Use an Erdős–Rényi baseline $G(n,p)$ with edge probability $p$ .
We convert the divergence to bits by using the log-2 operation: $L(G[S]\mid p)=-\left[m\log_2 p+(M_S-m)\log_2(1-p)\right].$

Computing the Divergence Between Local and Global Densities.

Let $p_{\text{global}}$ be the global edge-density baseline and $p_{\text{local}}=m/M_S$ the local fit.
Define penalized divergence as $\Delta L_{\text{ER}}(G[S])=L(G[S]\mid p_{\text{global}})-\Big[L(G[S]\mid p_{\text{local}})+\tfrac12\log_2 M_S\Big].$
We report normalized variants (e.g., per potential edge) when comparing across radii/cities.

Generating IQ Profiles over Iterative Traversals.
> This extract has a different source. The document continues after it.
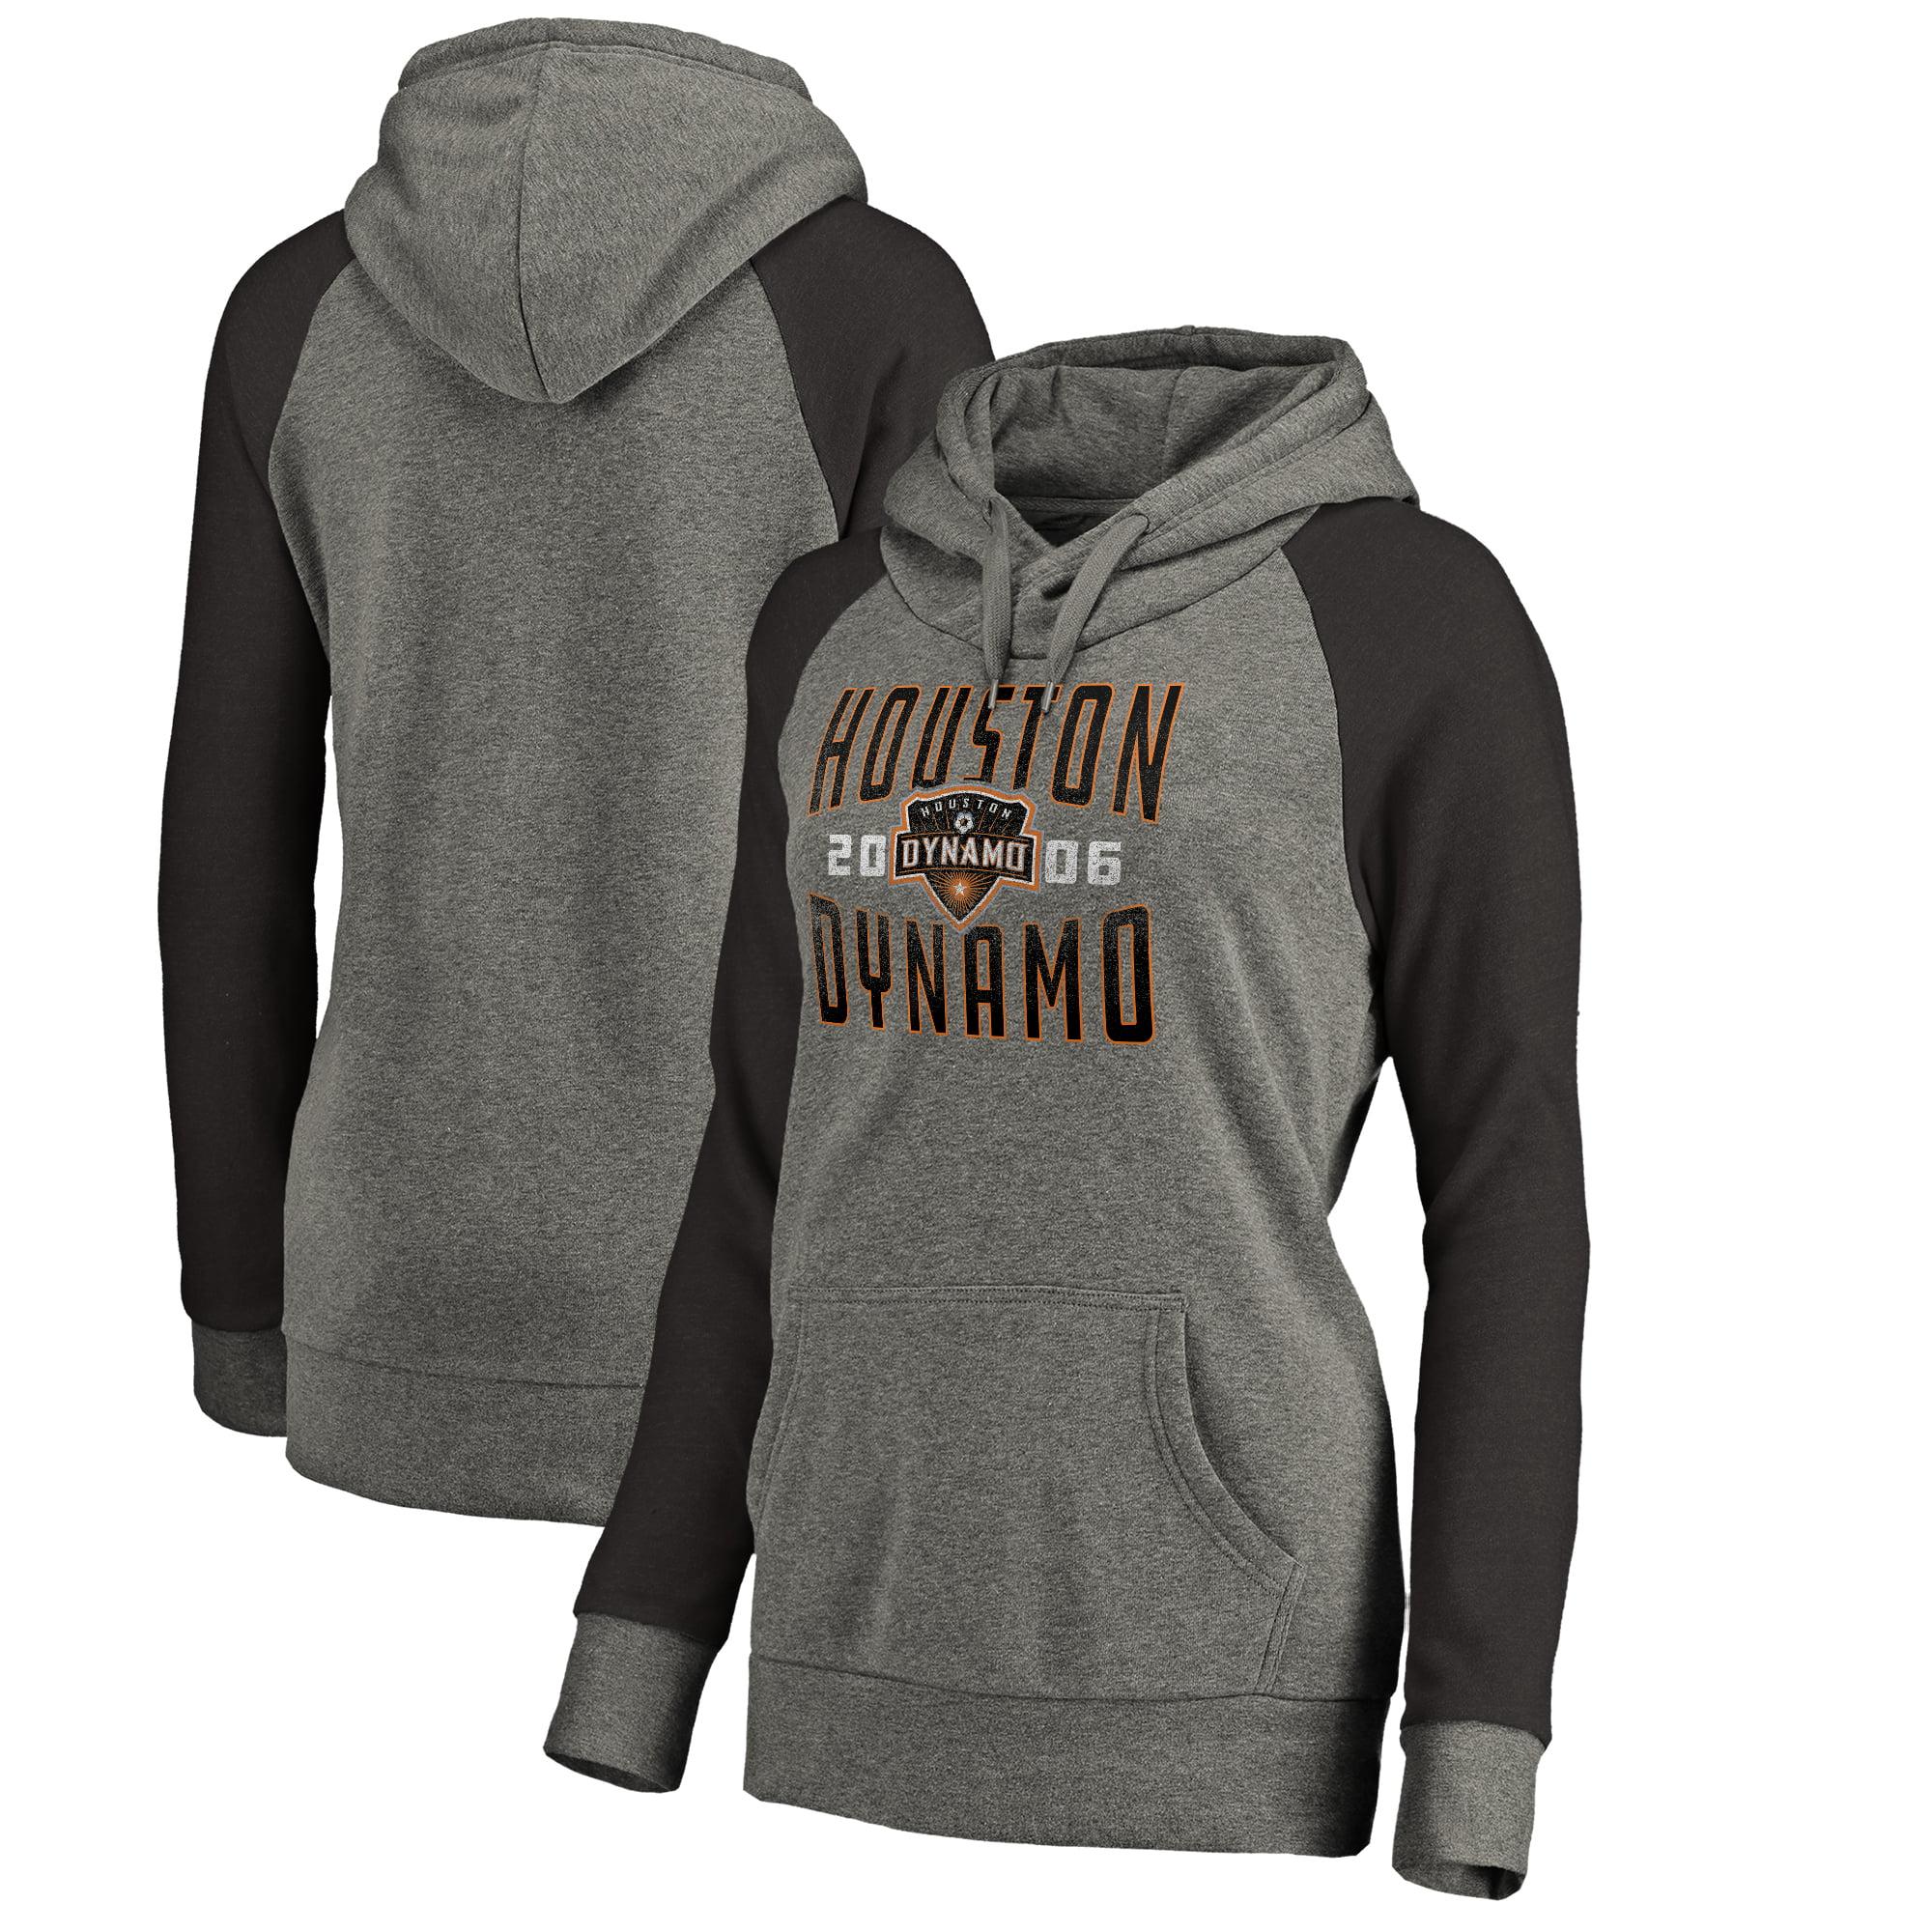 Houston Dynamo Fanatics Branded Women's Antique Stack Tri-Blend Raglan Pullover Hoodie - Heathered Gray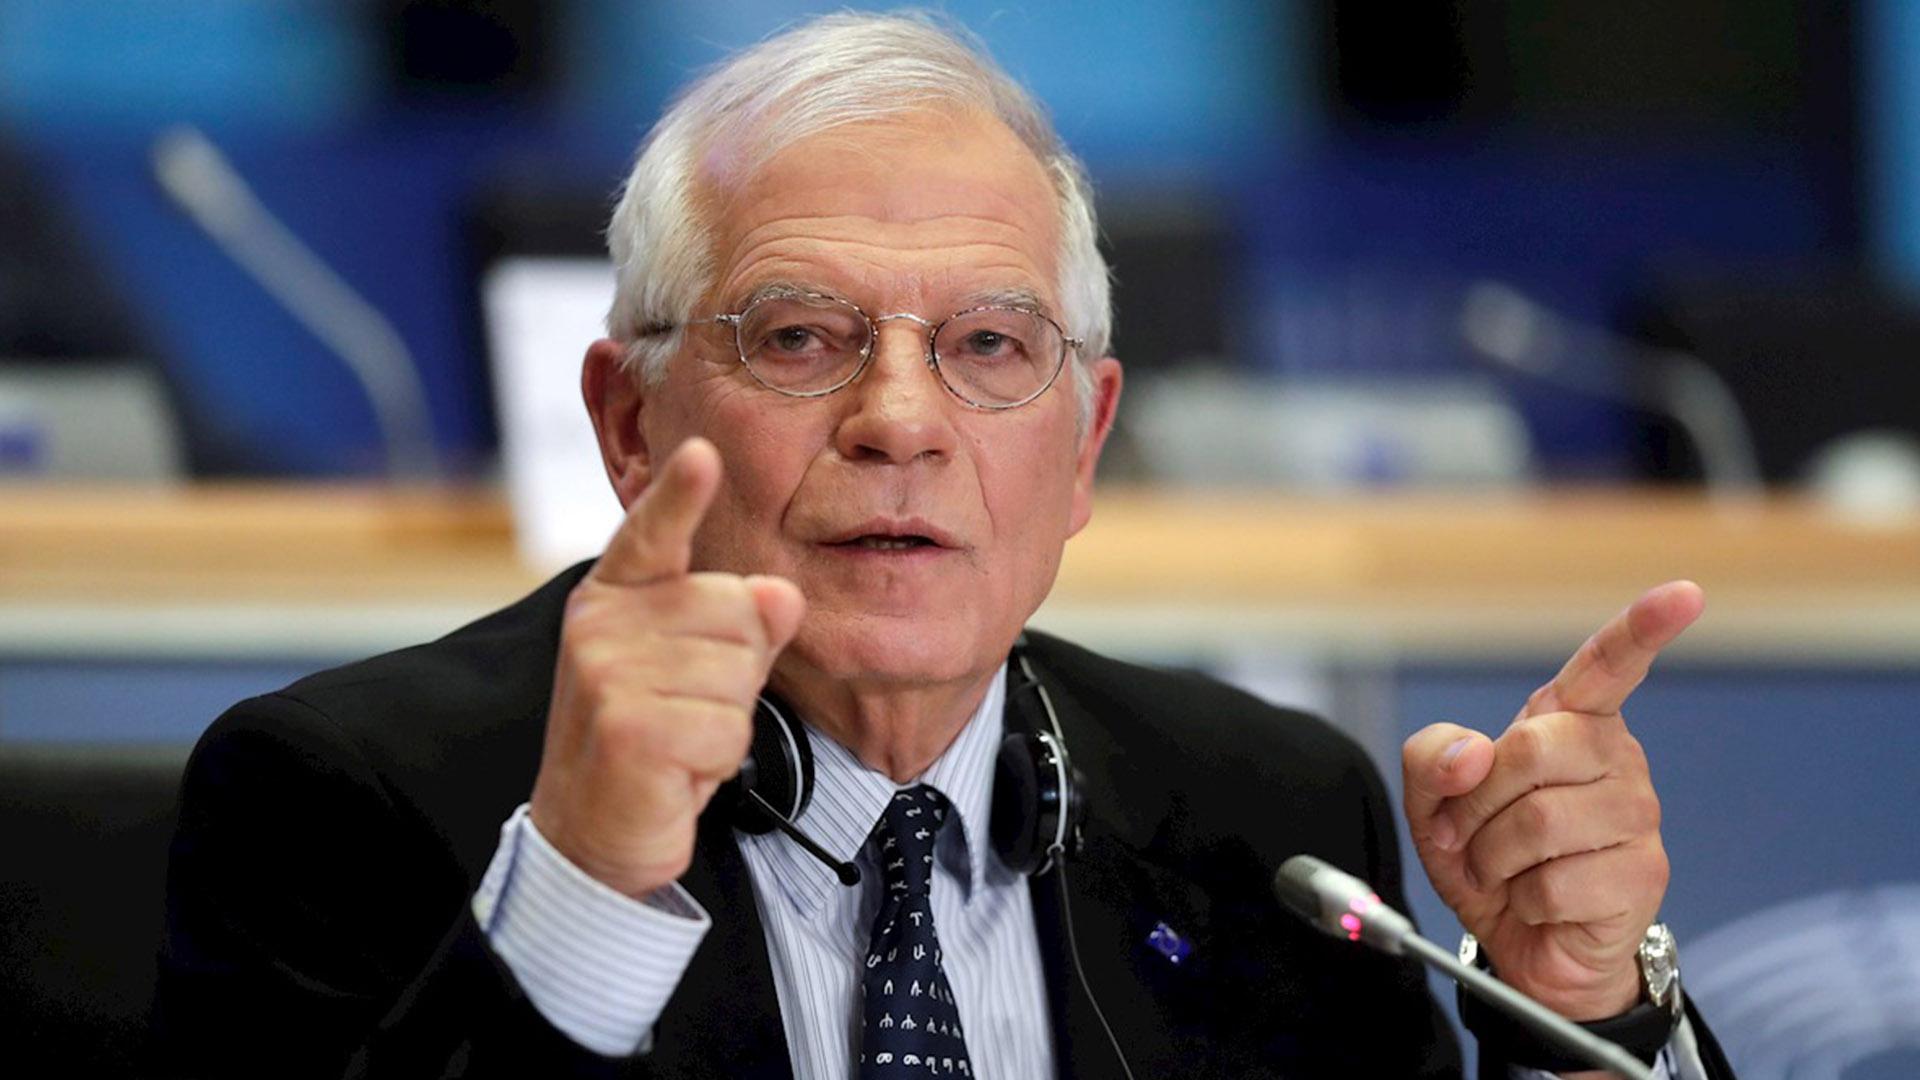 UE insta a Borrell a seguir facilitando el diálogo en Venezuela

We use the same ER MDL measurements defined in the Introduction, $\mathrm{IQ}(r)=\mathbb{E}\!\left[\frac{1}{M_r}\,\Delta L_{\text{ER}}(G_r(v))\right],$ where expectation is approximated by random seed-node sampling.

Validating the Divergence Measure on Synthetic Networks.

Before testing on road networks, we validate the measure on simulated networks of known models. This is to make sure it can detect the various kinds of structure that distinguish network models.
To compute uncertainty measurements, we perform node subsampling over a series ( $n=500$ ) of seed nodes. This also alleviates the issue of working with a single possible city network: it becomes difficult to run simulations of multiple trials.

Absolute vs. Relative Description Length

A dense subgraph is not necessarily complex. Density is not structure. We have to distinguish between the two, and we do this by computing not one estimate of minimum description length, but two.

The “baseline” is the divergence of the model when fit to the entire network. We call this the global baseline because it describes the network when considered as a whole.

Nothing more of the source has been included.